In February 1924 Pell was briefly engaged to R. Lorenzo Thomson; the marriage, supposed to take place on June 3, 1924, never happened.[5]
Her society photos show Pell practicing sports, or together with other heiresses, like Margarett Sargent (1892–1978) and Eleonora Sears (1881–1968), both rumored to be her lovers.[12] Sargent said that Isabell was "handsome, wonderfully handsome". Pell used to visit Sargent at her Prides Crossing, Beverly, Massachusetts mansion, and was well known by both Sargent's husband, Quincy Adams Shaw McKean (1891–1971), and children, who called Pell "cousin Pell".[3][13][14]
In 1933 Isabel Pell and another woman, the wife of Henry T. Fleitmann, a partner of De Witt, Fleitmann & Company, were rescued after a crash at sea on the Kattegat while on a flight between Copenhagen and Falkenberg. They were rescued by a German freighter and taken to Copenhagen, uninjured.[15]
Isabel Pell was friends with Eva Le Gallienne (1899–1991), they used to spend time together driving in the country.[16]
Pell had an affair with Renee Prahar, an American sculptor and actress with Bohemian ancestry. Pell was forced to leave New York after her affair with a Metropolitan Opera soprano became public. Pell moved to Paris, joining many other eccentric heiresses who sought the freedom from their gilded cage.[3] In a story recounted by Esther Murphy Strachey, younger sister of Gerald Murphy, Pell, with Natalie Clifford Barney, infiltrated a 13th-century Italian convent to meet with Alice Robinson.[17]

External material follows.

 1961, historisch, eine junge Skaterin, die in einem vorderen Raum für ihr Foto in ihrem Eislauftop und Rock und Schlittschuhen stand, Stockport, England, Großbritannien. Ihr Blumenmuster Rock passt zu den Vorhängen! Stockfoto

In France, Pell started a relationship with Claire Charles-Roux, Marquise De Forbin. The Marquise was born in Avignon but raised in Morocco. Pell and the Marquise moved together to Auribeau-sur-Siagne. When France was occupied in 1940, both Pell and De Forbin joined the French Resistance and then the 1st Airborne Task Force (Allied) led by Major General Robert T. Frederick, who said "I think she came up there because she wanted a uniform. Well, we told her we didn't have any women's uniforms".[3][18] Pell became an attaché of the Civil Affair Task Force of the US Army and liaised between the French and the Americans.[19]
Pell was close friends with Mercedes de Acosta.[3][20] After the war De Acosta visited Pell in France and began a relationship with Pell's companion, Claire de Forbin.[21]

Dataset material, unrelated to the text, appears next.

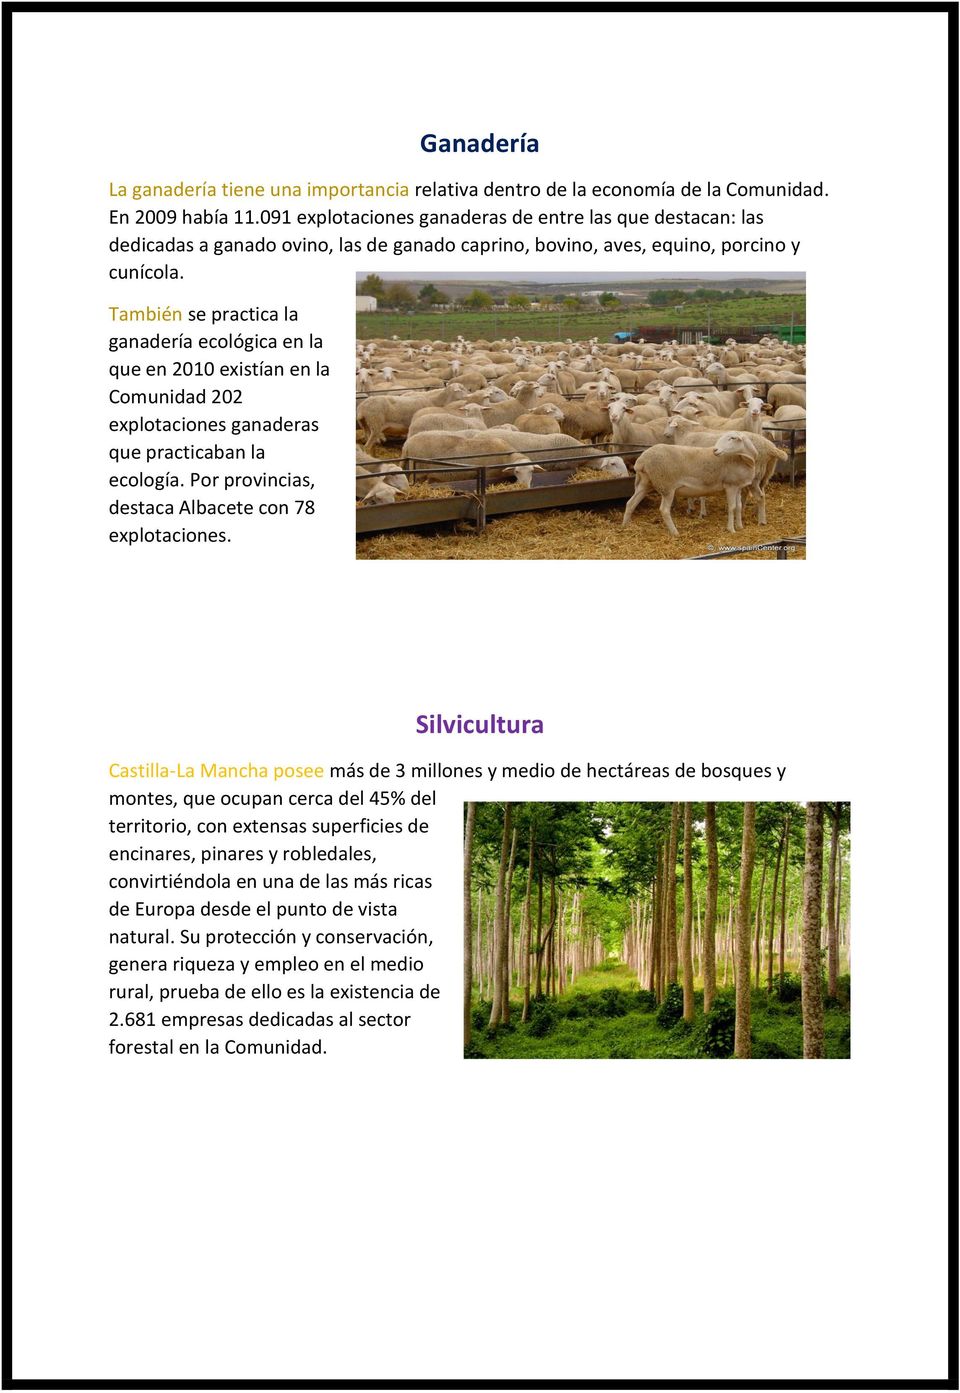 También se practica la ganadería ecológica en la que en 2010 existían en la Comunidad 202 explotaciones ganaderas que practicaban la ecología. Por provincias, destaca Albacete con 78 explotaciones.

Back in New York City, after the war, Pell lived at 30 East End Avenue.
Pell died at the age of 51, collapsing while dining with her friend Anne
Andrews at La Reine Restaurant, 139 East 52nd Street.[3][1] Pell ashes were strewn to the four winds from either Pride's Crossing, MA,
Margarett Sargent's house, or Hill Crest, Berwyn,
Mary A. Bair's House.
Eleonora Sears
was the principal legatee in the Pell will; others were
Anne Francine, the
Philadelphia socialite who for a time was a New York cafe singer, and Mary
Bair of Berwyn, PA. Sears received all furniture, pictures, books, china,
glass, silverware, an automobile and two diamond clips, the Resistance and
Citoyen d'Honneur medals (the last two ornaments upon the recipient's death to
pass along to Samuel Riker, cousin of the deceased), a diamond guard ring, and
all the rest of the estate (amount not indicated). Also to Sears and to Mary
Bair, equal shares in "such money as I may have in the Bankers Trust Co. To
Anne Francine went a gold watch, bracelet, link ring and St. Christopher medal
and to Mary Bair went a gold cigaret case.